(Data records)
^^^^^^^^^^^^^^^^

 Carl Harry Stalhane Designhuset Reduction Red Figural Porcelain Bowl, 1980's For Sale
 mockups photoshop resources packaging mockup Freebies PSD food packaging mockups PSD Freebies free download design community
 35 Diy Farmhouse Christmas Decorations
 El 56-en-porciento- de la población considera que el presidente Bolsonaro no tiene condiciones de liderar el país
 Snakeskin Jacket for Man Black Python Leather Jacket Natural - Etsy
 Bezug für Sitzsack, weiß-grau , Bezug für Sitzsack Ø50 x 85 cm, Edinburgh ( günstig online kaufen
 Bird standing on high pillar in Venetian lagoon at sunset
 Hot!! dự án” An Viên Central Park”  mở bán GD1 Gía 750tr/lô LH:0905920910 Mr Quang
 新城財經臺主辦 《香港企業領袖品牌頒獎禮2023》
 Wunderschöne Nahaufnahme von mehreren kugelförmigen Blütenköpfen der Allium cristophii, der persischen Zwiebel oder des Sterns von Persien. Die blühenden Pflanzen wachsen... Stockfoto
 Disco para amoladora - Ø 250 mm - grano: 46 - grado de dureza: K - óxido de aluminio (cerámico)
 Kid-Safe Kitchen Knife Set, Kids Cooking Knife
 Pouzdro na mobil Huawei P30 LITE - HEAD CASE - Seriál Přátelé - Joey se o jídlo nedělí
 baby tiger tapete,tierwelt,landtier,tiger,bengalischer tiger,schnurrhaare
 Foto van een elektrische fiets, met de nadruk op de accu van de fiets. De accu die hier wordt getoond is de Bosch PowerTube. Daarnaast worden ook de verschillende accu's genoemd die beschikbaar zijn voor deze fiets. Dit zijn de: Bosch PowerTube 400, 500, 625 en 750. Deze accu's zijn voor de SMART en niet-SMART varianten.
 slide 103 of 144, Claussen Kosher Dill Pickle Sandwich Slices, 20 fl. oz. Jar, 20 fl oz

^^^^^^^^^^^^^^^^

=== Task instructions ===
Start at the first line of the entries and stop at the line with "LH:0905920910 Mr Quang". Retype each of those lines exactly, both ends included.

=== Response to this exercise ===
 Carl Harry Stalhane Designhuset Reduction Red Figural Porcelain Bowl, 1980's For Sale
 mockups photoshop resources packaging mockup Freebies PSD food packaging mockups PSD Freebies free download design community
 35 Diy Farmhouse Christmas Decorations
 El 56-en-porciento- de la población considera que el presidente Bolsonaro no tiene condiciones de liderar el país
 Snakeskin Jacket for Man Black Python Leather Jacket Natural - Etsy
 Bezug für Sitzsack, weiß-grau , Bezug für Sitzsack Ø50 x 85 cm, Edinburgh ( günstig online kaufen
 Bird standing on high pillar in Venetian lagoon at sunset
 Hot!! dự án” An Viên Central Park”  mở bán GD1 Gía 750tr/lô LH:0905920910 Mr Quang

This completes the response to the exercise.